Saturday, 2 July 2016

Musina traders cry foul

South Africa’s northern town of Musina has been the hardest hit by the new import regulations that remove the shipping of listed basic commodities into the country under the Open General Import Licence.


The implementation of Statutory Instrument No. 64 of 2016 that tightens screws on the import of basic commodities including food items, building materials, furniture, toiletries and cooking oil among other things, saw the town literally becoming a ghost town.

Some Indian and Ethiopian businessmen in Musina yesterday closed shops for over six hours to demonstrate and block that country’s component of the border posts urging the Zimbabwean Government to lift the ban since business at their shops was grinding to a halt.

Thousands of people including Zimbabweans based in South Africa and businessmen from Musina, took part in protests where they closed the border barring traffic from entering or leaving that country.
Musina traders cry foul
It is understood that 60 percent of these businessmen sell the restricted goods.

A car dealer based on the South African border, Mr Clemence Mabidi, said most of the shops in Musina were closed for the duration of the protests.

“There are thousands of people here who are blocking traffic from entering or leaving South Africa until the Government of Zimbabwe lifts the ban on imports of basic commodities.

“A few shops are open but Musina town and the border post have been shut down,” he said.

Mr Mabidi said many travellers have started going back to Zimbabwe for their own security.

Zimbabweans buying an average of 200 vehicles from SA car dealers per day.

In separate interviews workers employed in these shops said shops in Musina were shut down between 6am and 12pm, most of them belonging to the Indians and Ethiopians, to allow them time to participate in the demo.

“All Indian and Ethiopians shops were closed including the China City which is a favourite spot for Zimbabweans cross-border traders was closed because of the protest against the new import regulations, which is fast seeing these guys running out of business.

“You will note that most of the travellers frequent these shops and if the Government of Zimbabwe goes ahead with implementing the new law, Musina will be dead,” said one of the workers.

It is also reported that most car dealers on the South African border also closed shop to join in the demonstrations.
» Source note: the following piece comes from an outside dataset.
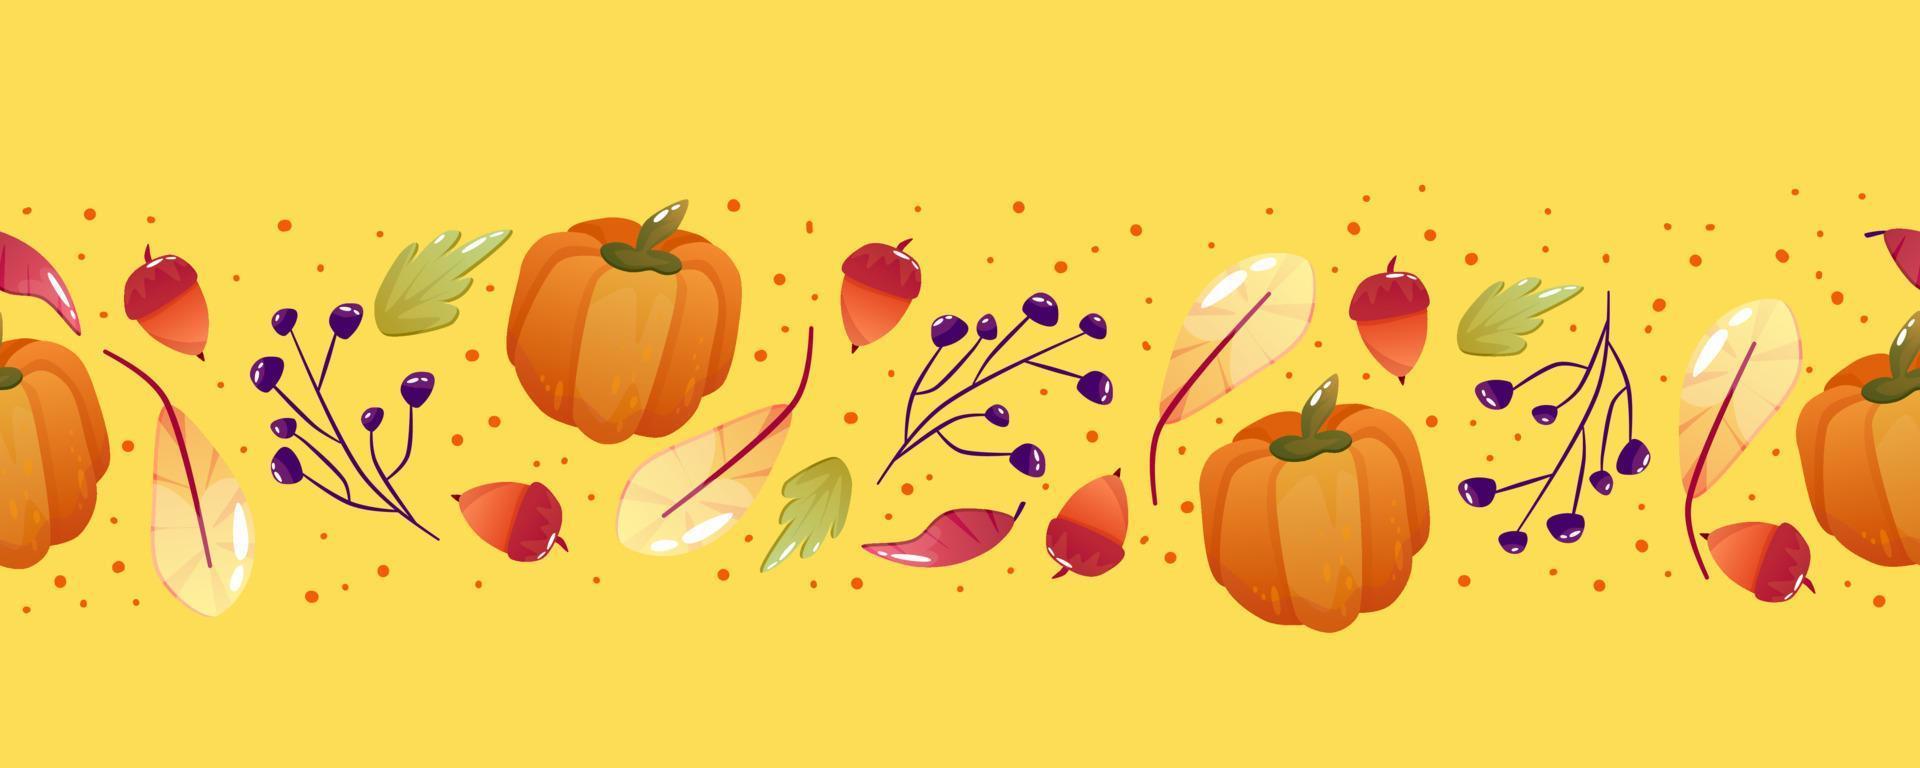 naadloze grens herfst herfst. Thanksgiving feestdag. vector naadloos patroon. helder herfstontwerp met blad, eikel en pompoen.

Zimbabweans buy an average of 200 vehicles from these car dealers per day while trade imports from the neighbouring country stands at 60 percent annually.

Limpopo Police Spokesperson Colonel Ronel Otto confirmed yesterday that the border’s entry point was temporarily blocked for six hours by the demonstrators.

“The border is open and operating now. The demonstrations were peaceful,” she said.

Zimbabwe has been stamping its buying power in countries in the region, resulting in many businesses setting bases near the country’s borders to capture the US dollar.

Some enterprising businesses from South Africa in the retail sector have created synergies with local companies, while others have moved to establish shops in Zimbabwe in pursuit of the US dollar.